Carla Gaines' position on Bolo is an understandable one.
It's really a simple decision for the trainer and Bolo's owners, Golden Pegasus Racing and Earle Mack—the Temple City colt has enough points to get into the gate for the May 2 Kentucky Derby Presented by Yum! Brands (gr. I), so that's where he'll be.
"That's it," Gaines said April 24 at Santa Anita Park, the location of Bolo's final workout in preparation for the Derby.
BALAN: Bolo Records Final Breeze for Kentucky Derby
Bolo is the first Derby starter for the Alabama transplant, who still has the slightest of accents and began training at Northern California tracks in 1987.
She still remembers her first acquisition, a claimer named Glory Quest who anchored her one-horse barn during her earliest days in racing.
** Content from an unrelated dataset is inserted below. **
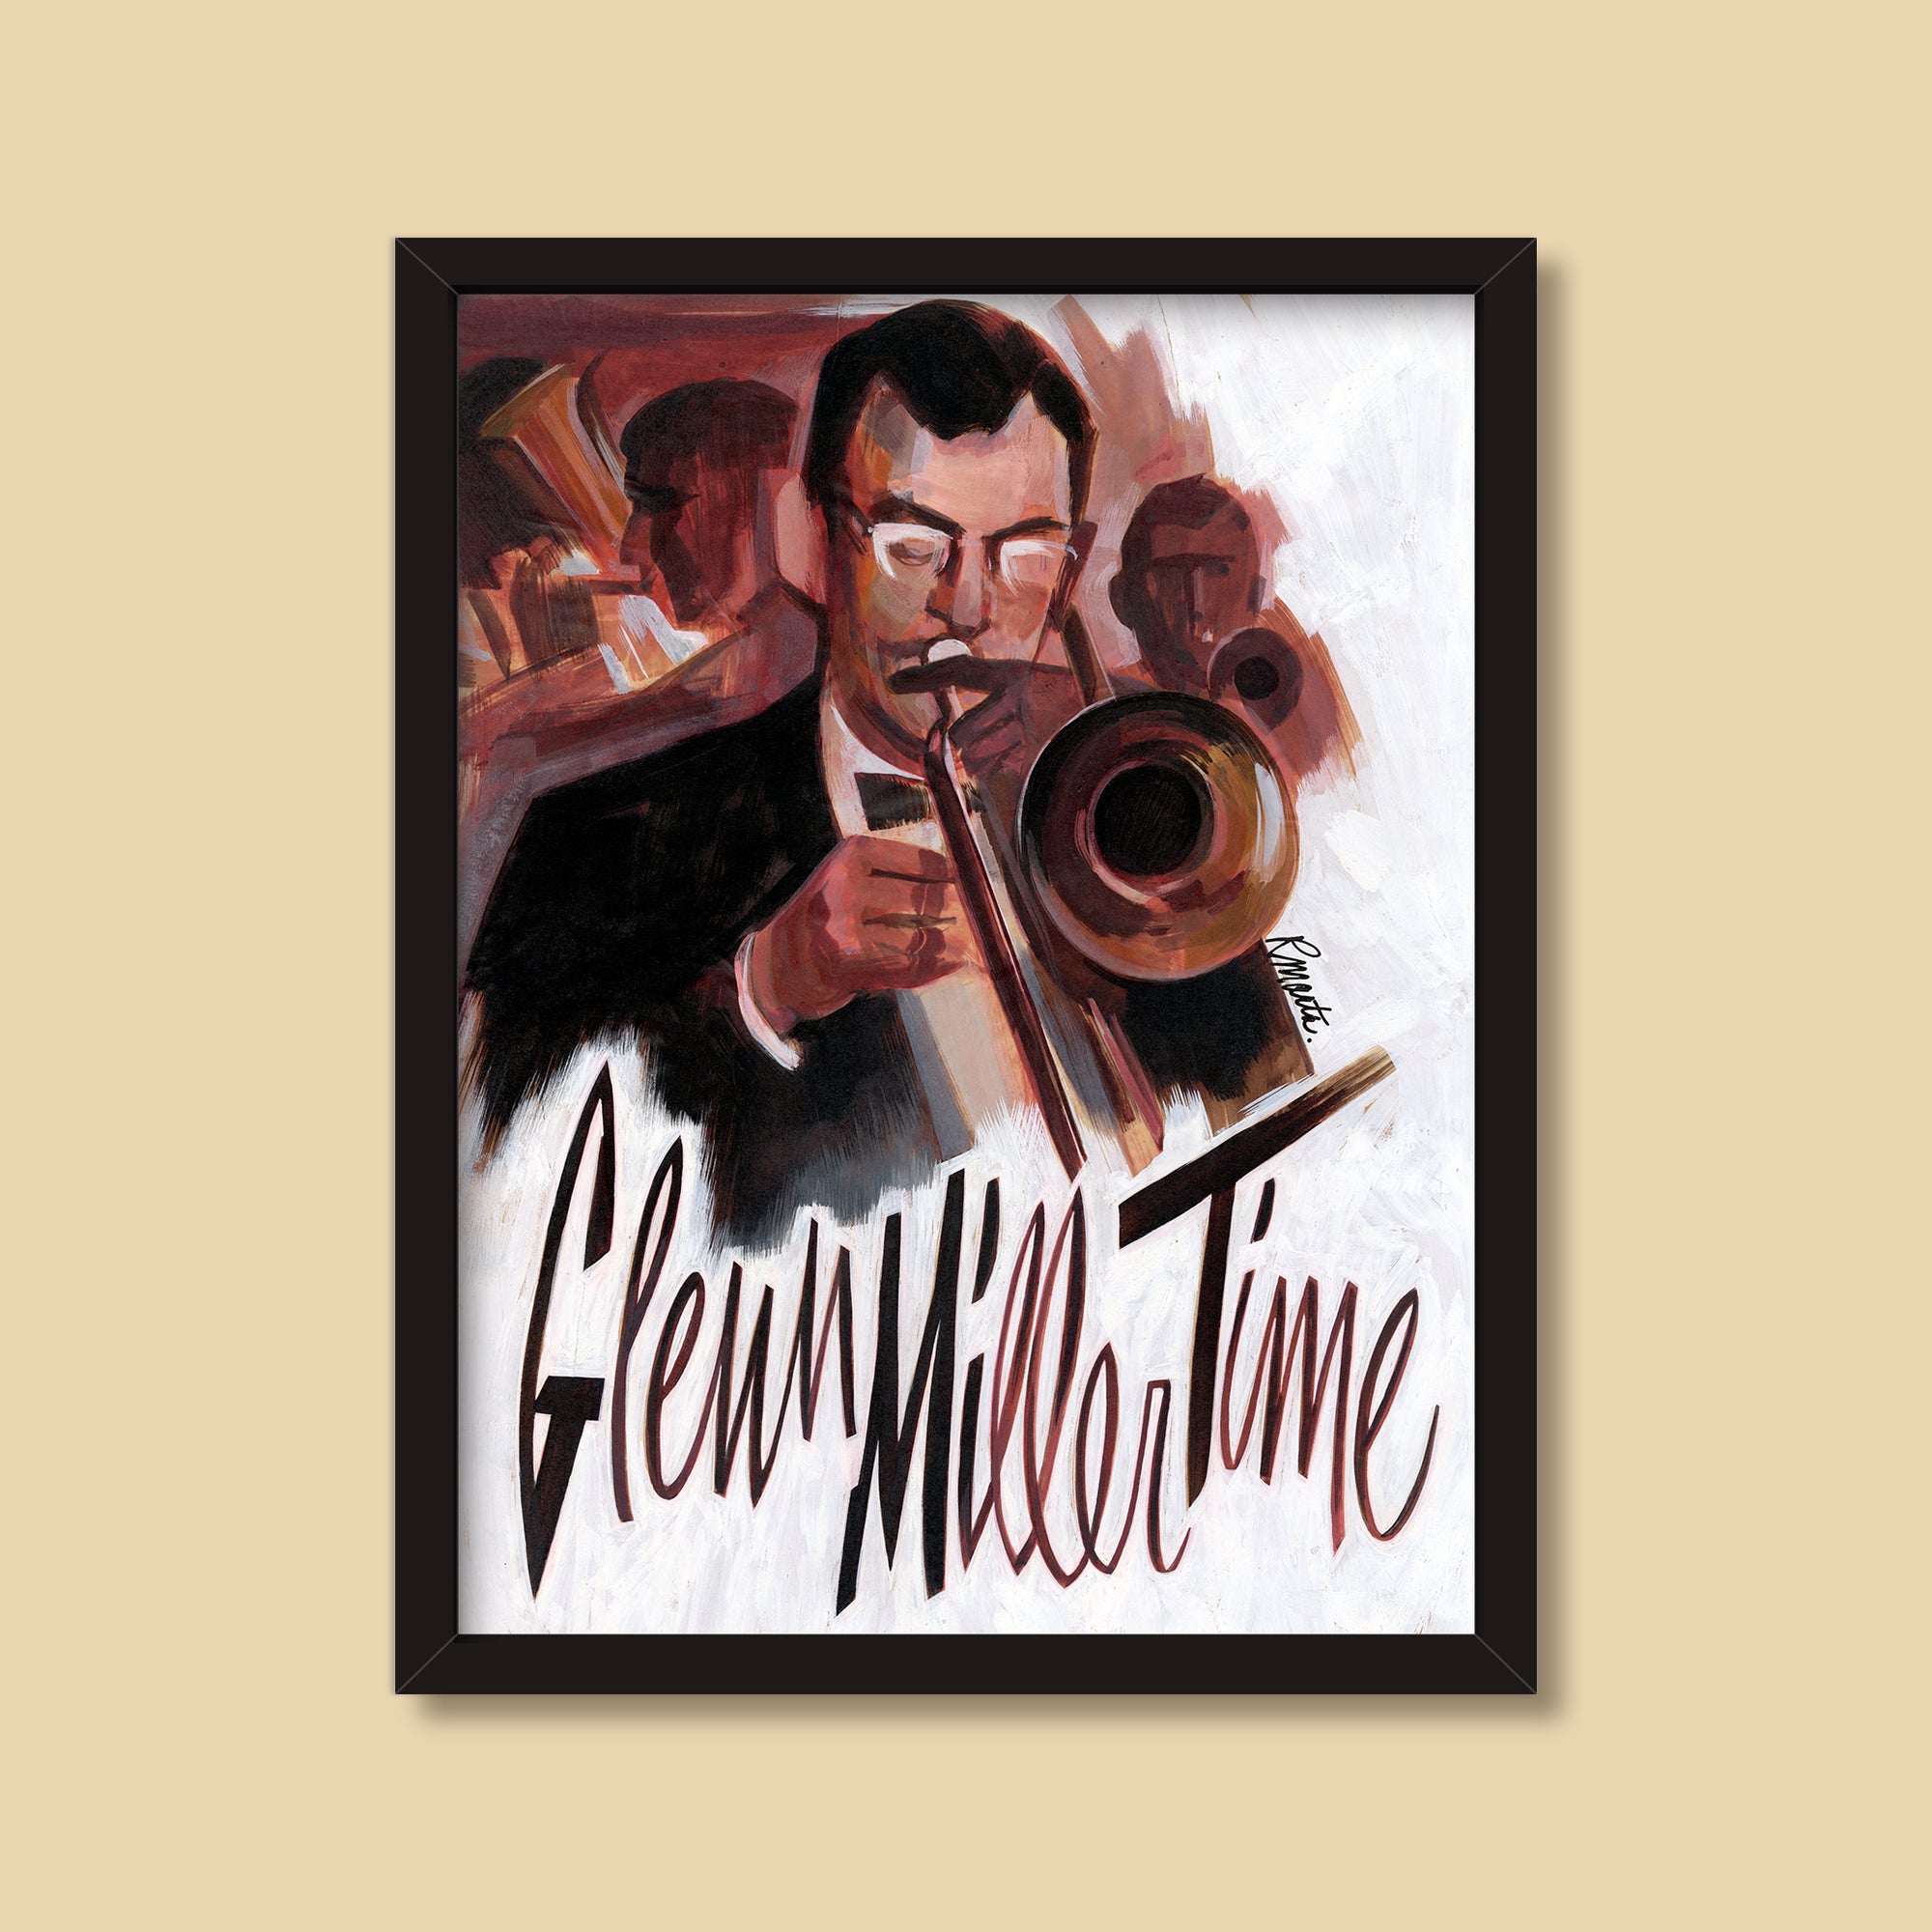 Glenn Miller Time — vintage illustration by Ray Marta

"I was so proud of that horse and he was this beautiful chestnut—an old claimer," Gaines remembered. "I worked on him and worked on him, then ran him for the first time at Vallejo. They grow corn on the track there in the winter."
In a $4,000 claiming race, the California-bred won at the Solano County Fair in his first start for Gaines.
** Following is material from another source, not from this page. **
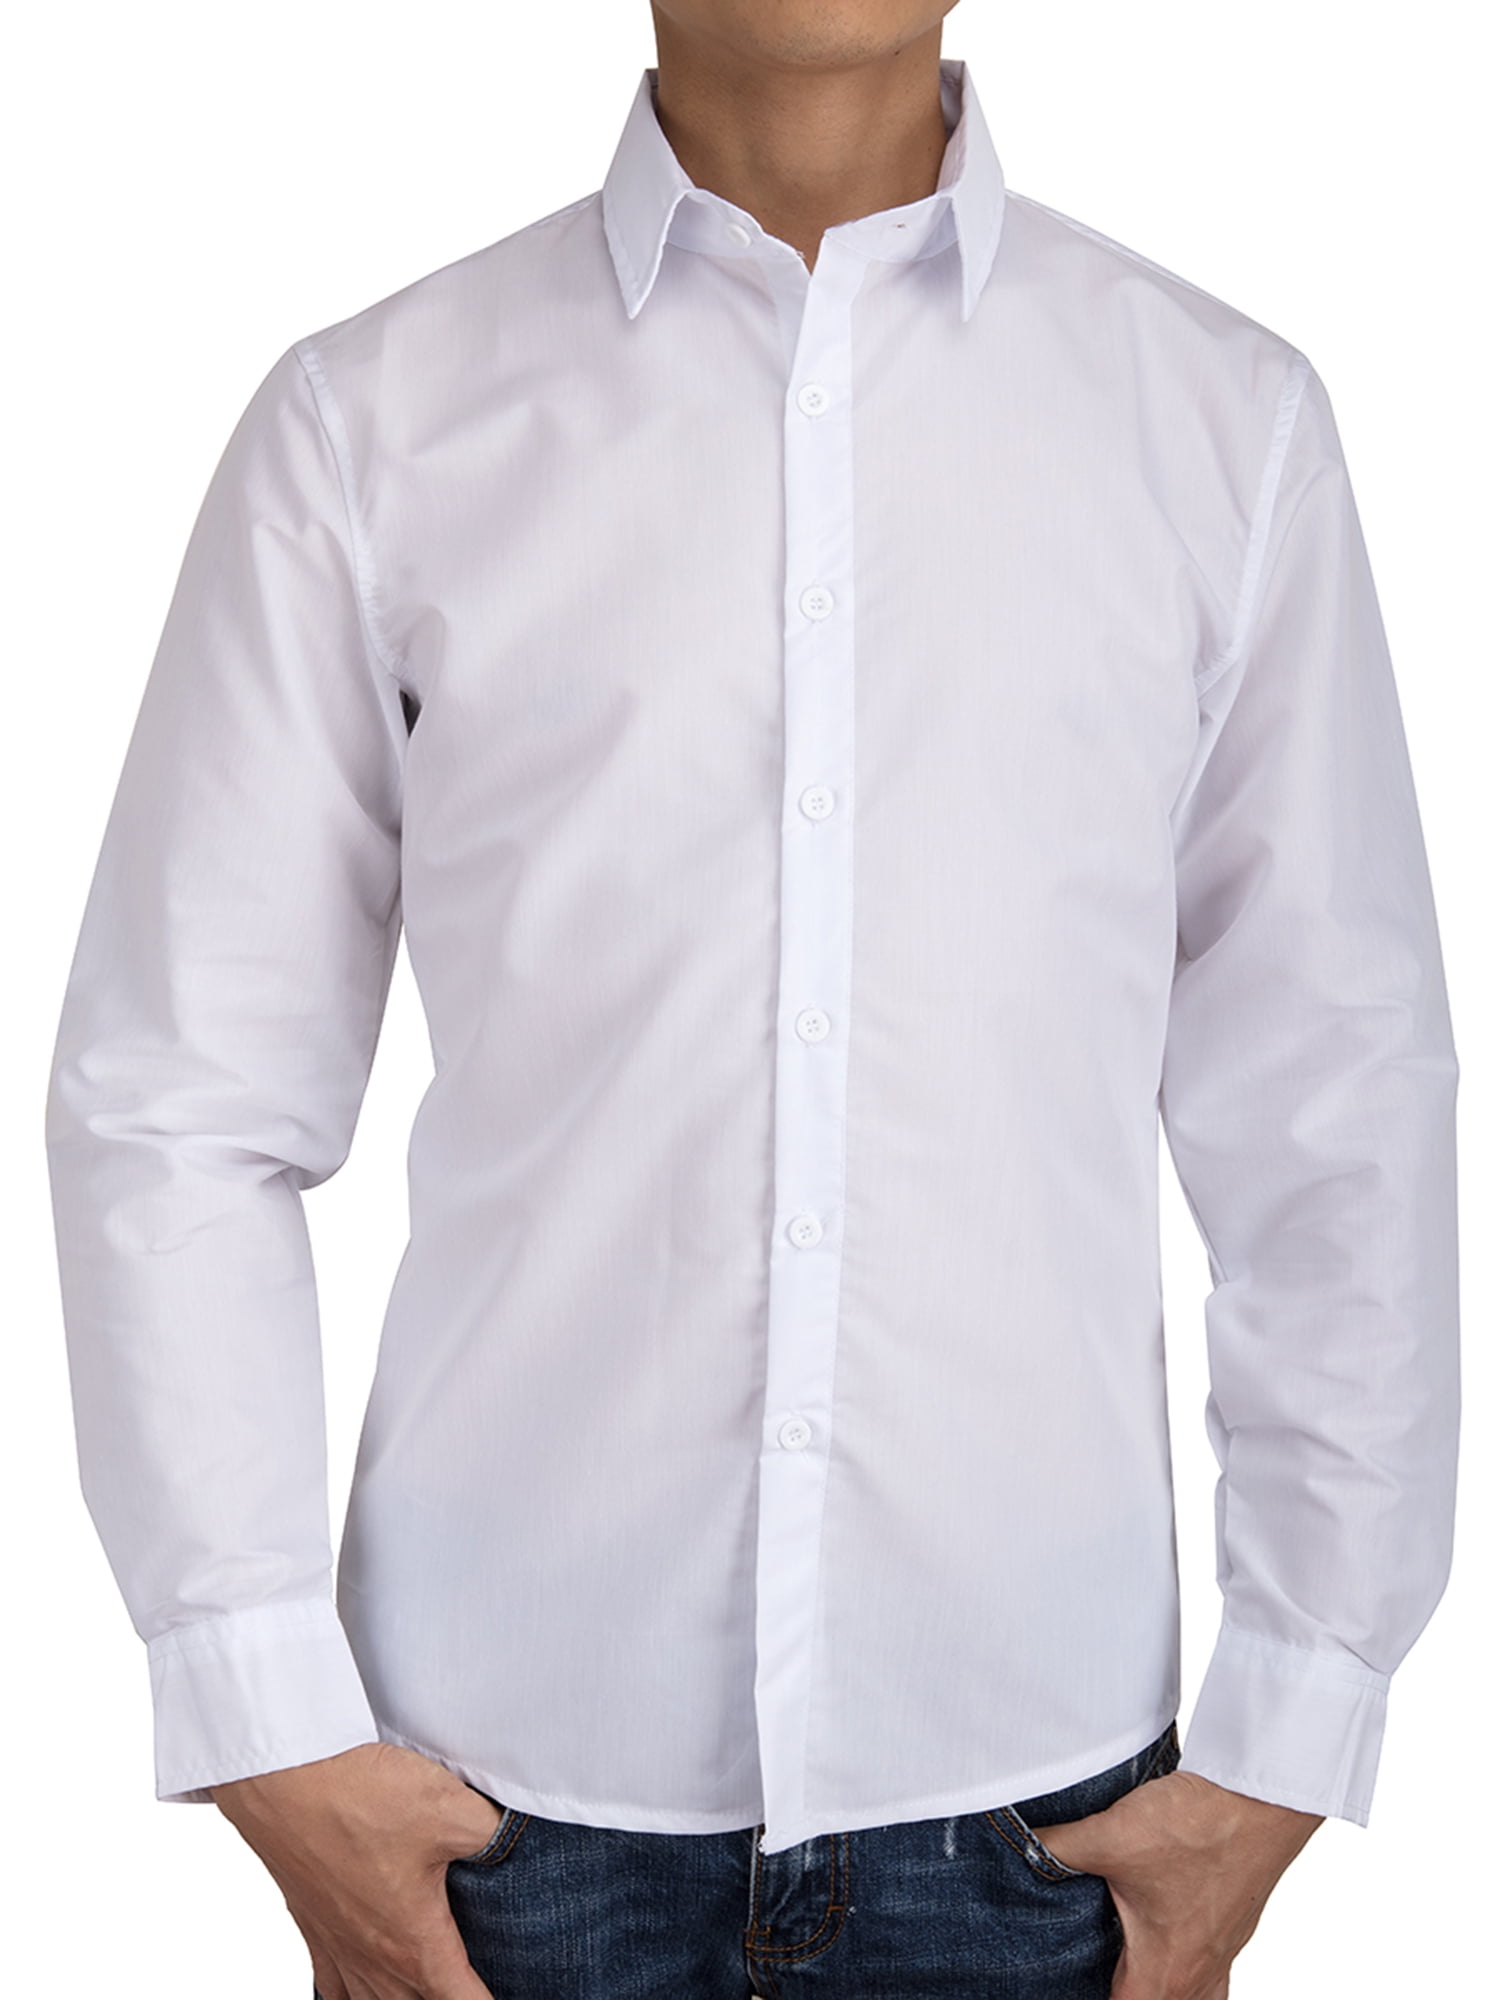 mens white dress shirts walmart

"I thought I was Charlie Wittingham," Gaines recalled with a smile.
Gaines has had plenty of success—25 graded stakes wins, including four grade I scores—but a win from Bolo in the Derby, albeit a significant longshot, would be the first victory for a female trainer in the 140-year history of the classic.
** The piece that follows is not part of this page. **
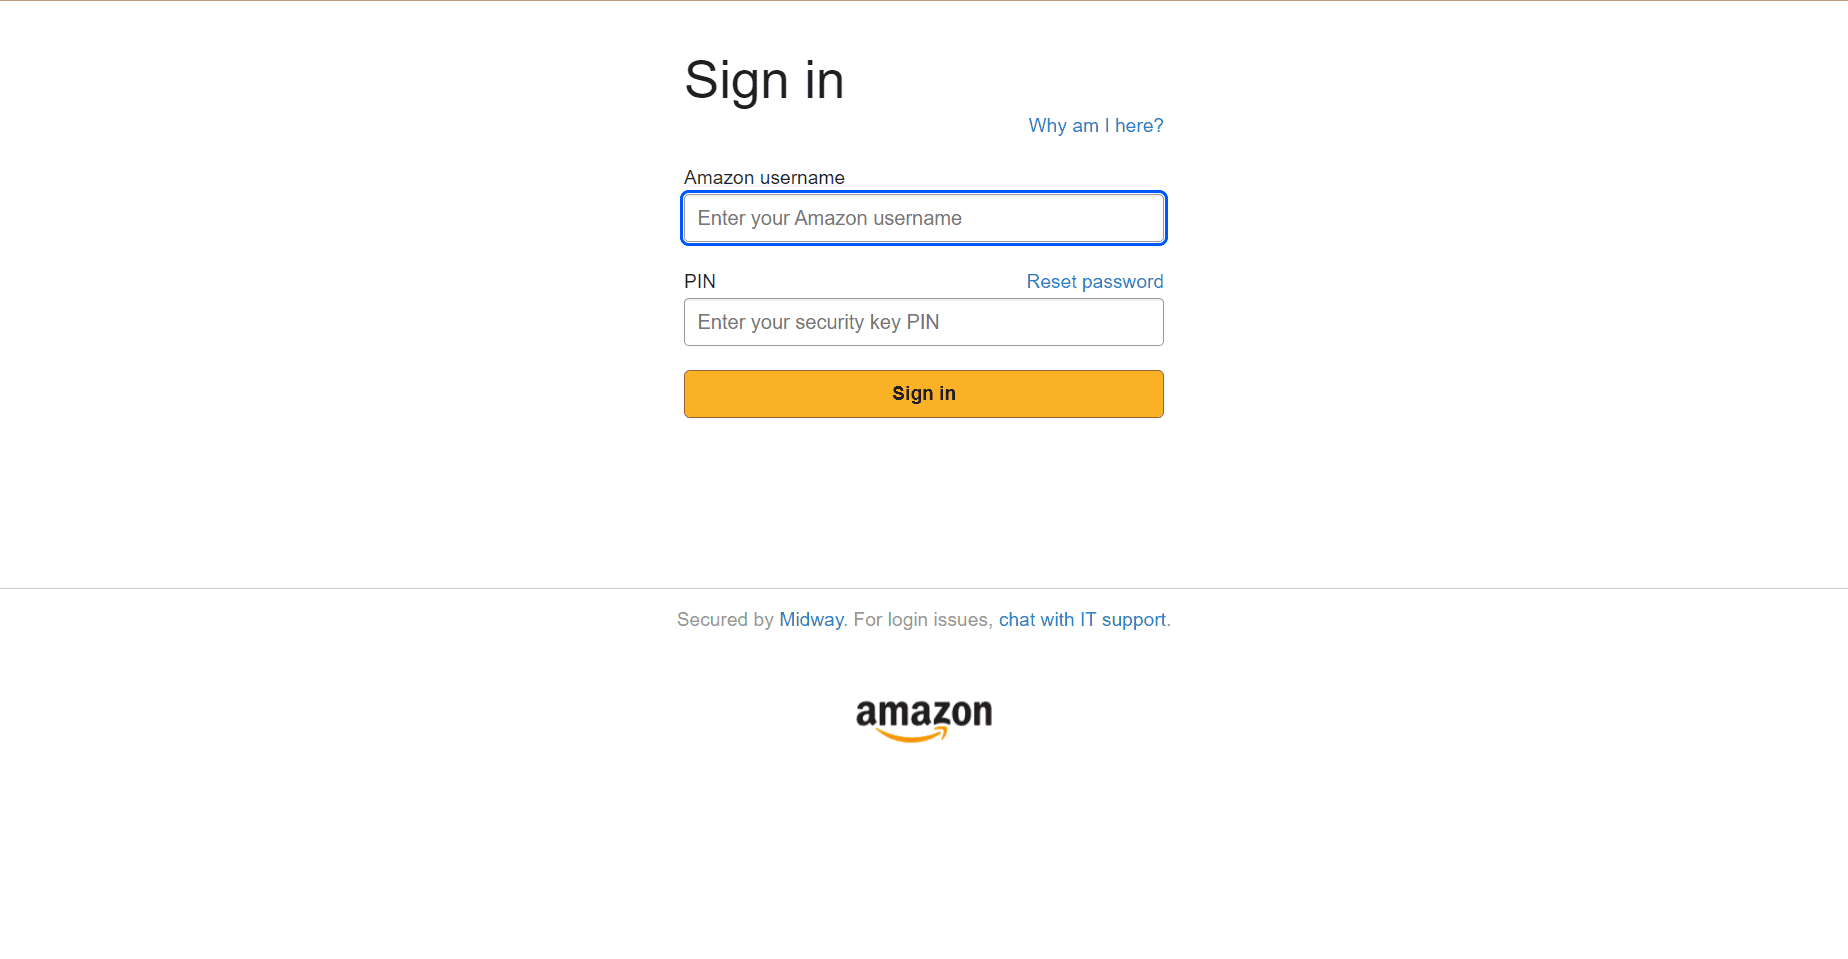 Amazon.com AD FS sign-in page

"That's a tough step, isn't it?" Gaines said of Bolo's chances at a Derby upset. "We think the distance is not going to be an issue for him, but all the other good horses in there is a concern."
Bolo was third behind Dortmund in both the San Felipe (gr. II) and Santa Anita Derby (gr. I) this year, but was wide throughout both, something Gaines acknowledges with perspective.
"I don't know, if he had a shorter trip around, if he would have ever got by Dortmund," Gaines said. "Dortmund is a pretty game horse. Hopefully with a couple races on the dirt, that'll improve."
A winner on turf to break his maiden at Del Mar in November, Bolo won the Eddie Logan Stakes over the Santa Anita grass in December before switching to dirt for the San Felipe.
Likely a quality turf horse in the future, it still comes back to opportunity in the Derby—a first chance might just be the last, as well.
"I mostly get long grass horses," Gaines said. "It's not like I get a zillion 2-year-olds to get ready for the Derby every year. In the past, there's like 40,000 foals and 20 it make this race. You can see why it's difficult."